[[ DATASET EXTRACT, beginning ]]

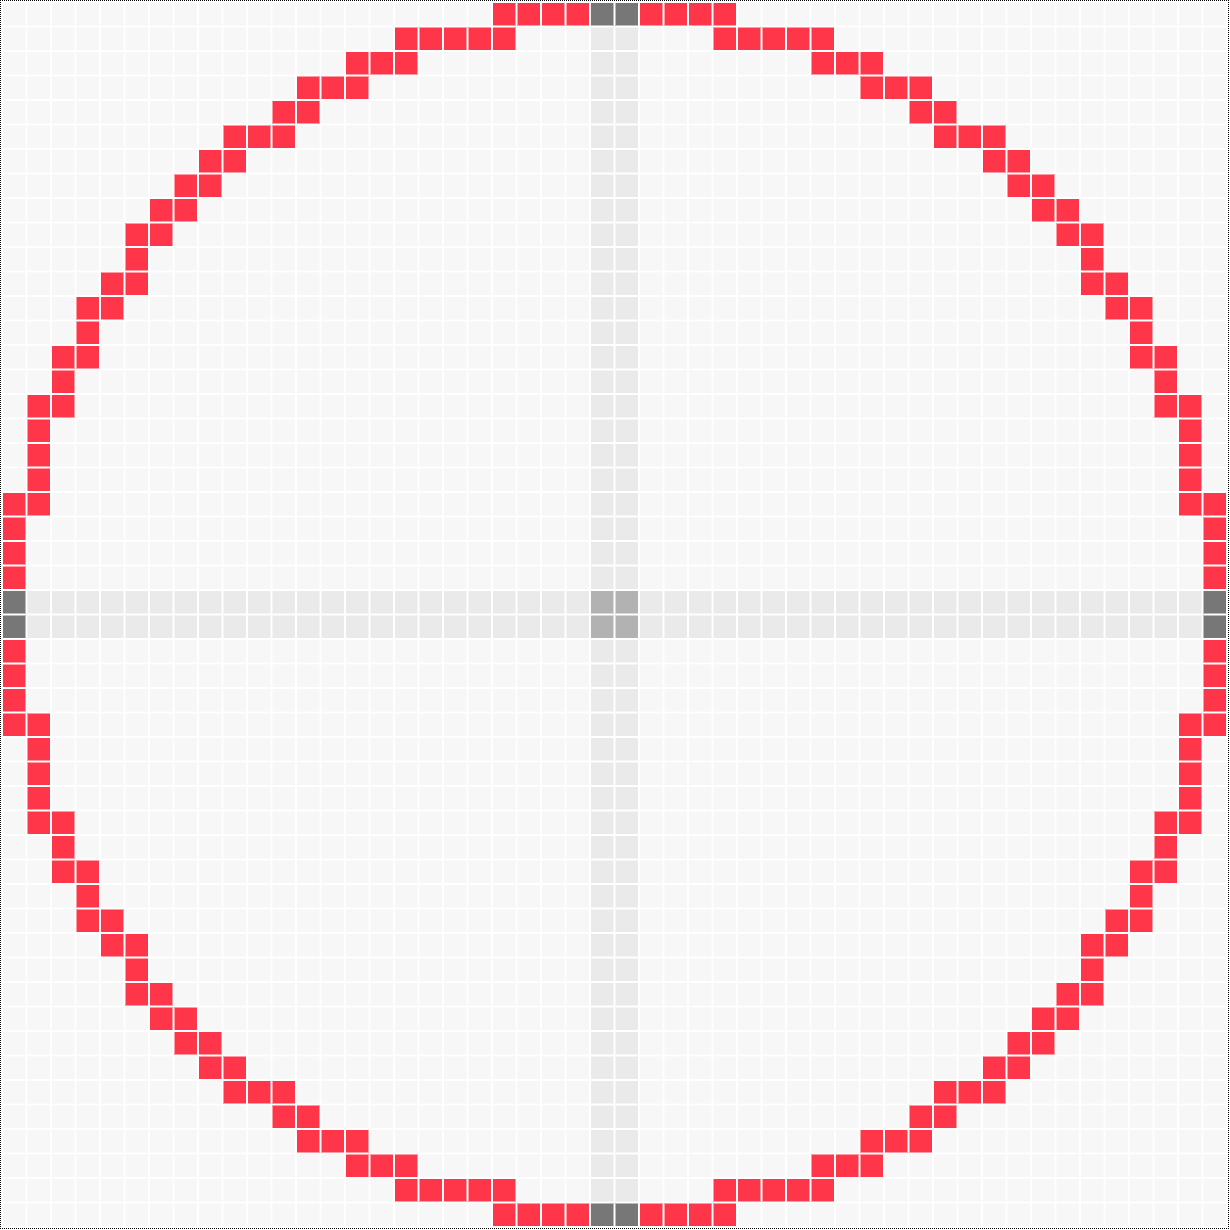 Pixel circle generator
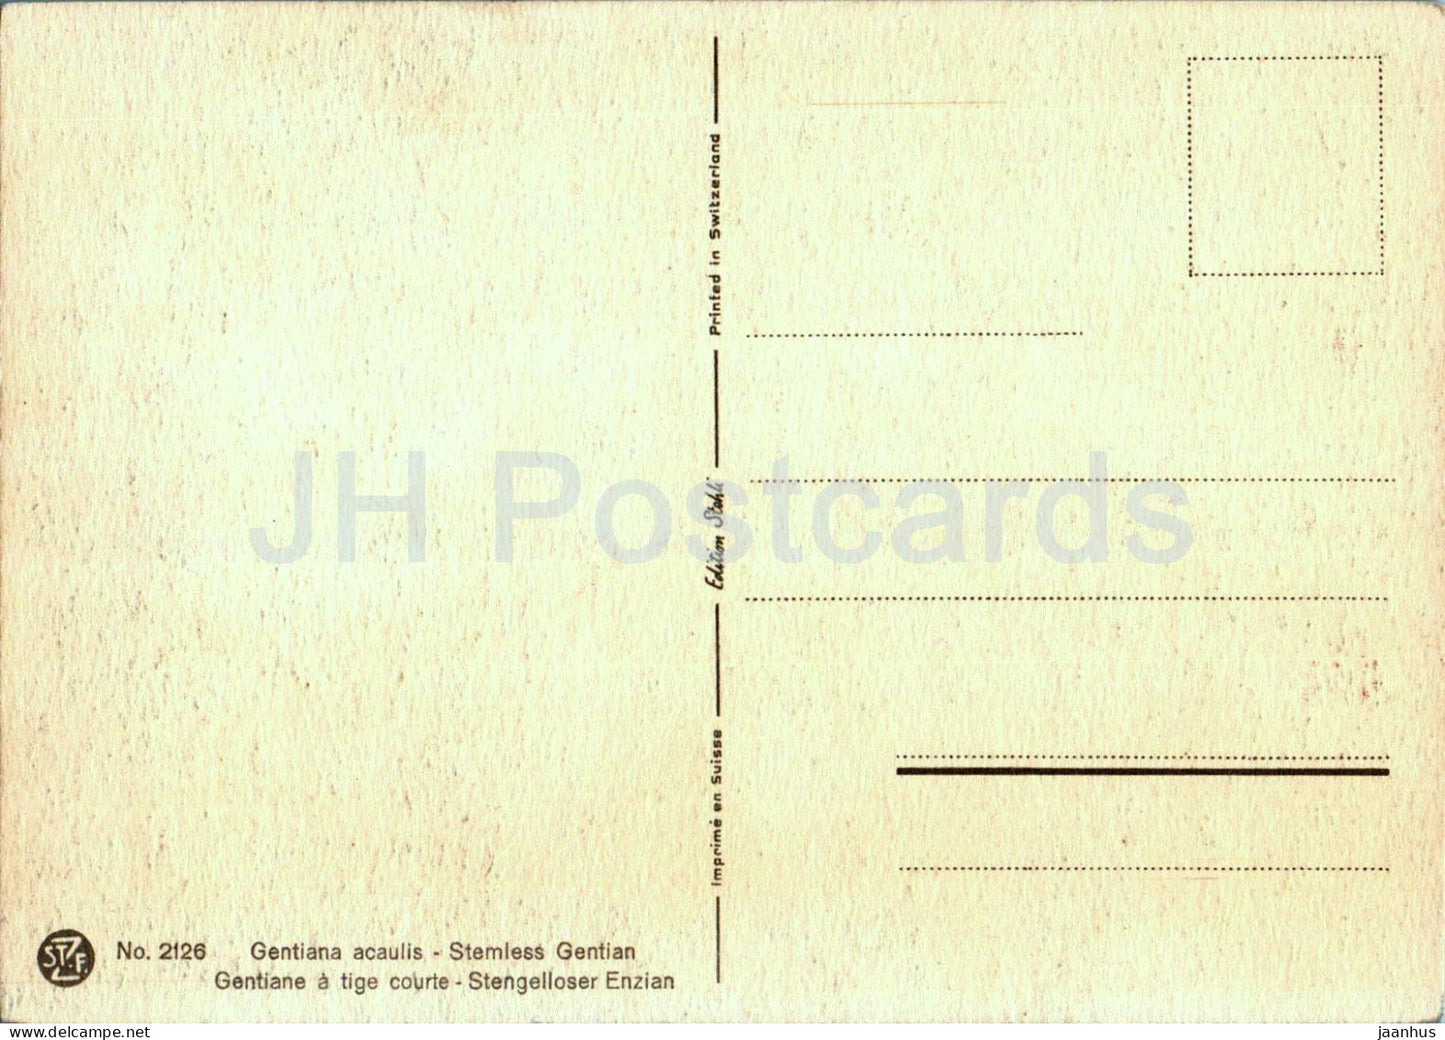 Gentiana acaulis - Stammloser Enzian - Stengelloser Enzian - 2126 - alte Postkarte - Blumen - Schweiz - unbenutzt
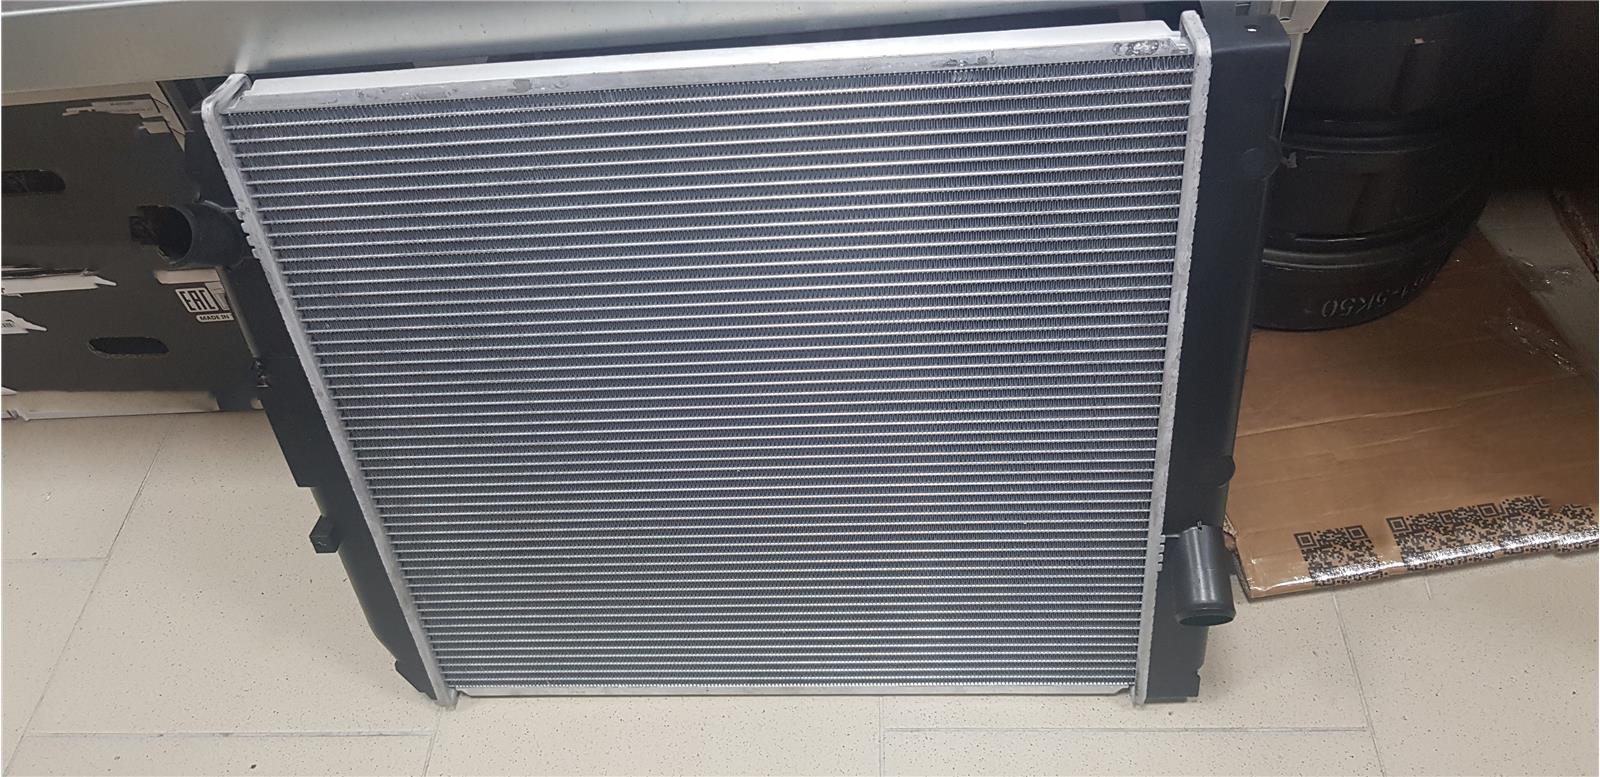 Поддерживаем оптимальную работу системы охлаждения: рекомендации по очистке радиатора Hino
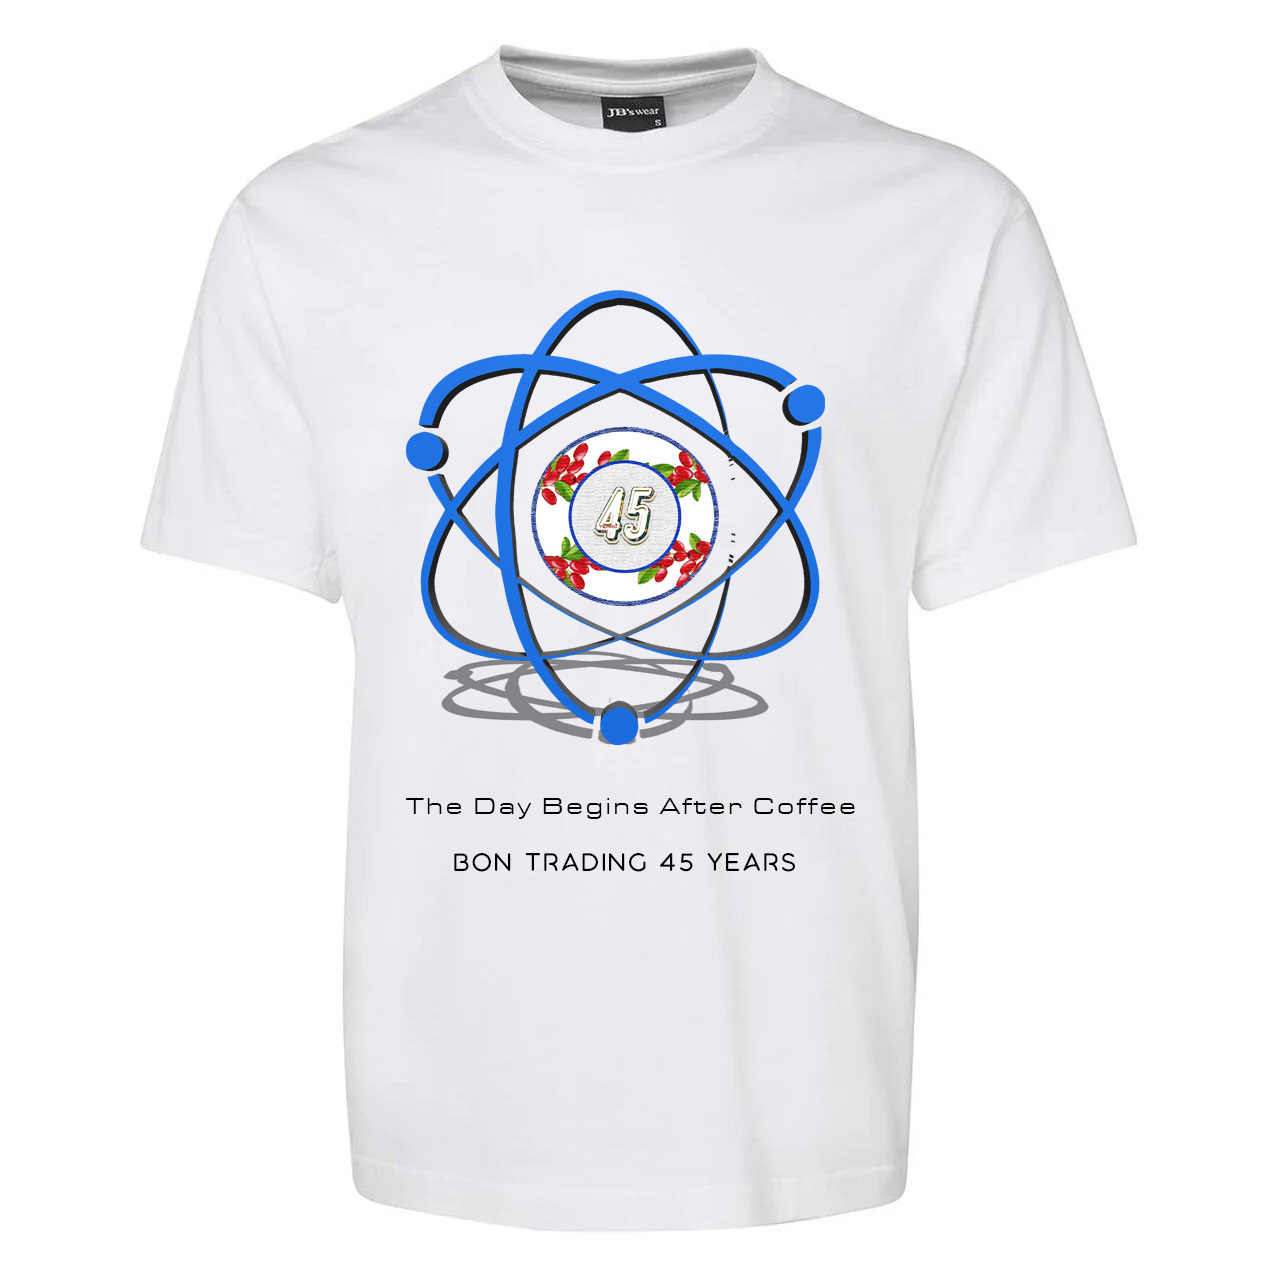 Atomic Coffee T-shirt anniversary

[[ DATASET EXTRACT, end ]]

**TASK TO CARRY OUT**
When you repeat the material above, keep every word exact and leave out the pictures.

**REPLY TO THE EXERCISE**
 Pixel circle generator
 Gentiana acaulis - Stammloser Enzian - Stengelloser Enzian - 2126 - alte Postkarte - Blumen - Schweiz - unbenutzt
 Поддерживаем оптимальную работу системы охлаждения: рекомендации по очистке радиатора Hino
 Atomic Coffee T-shirt anniversary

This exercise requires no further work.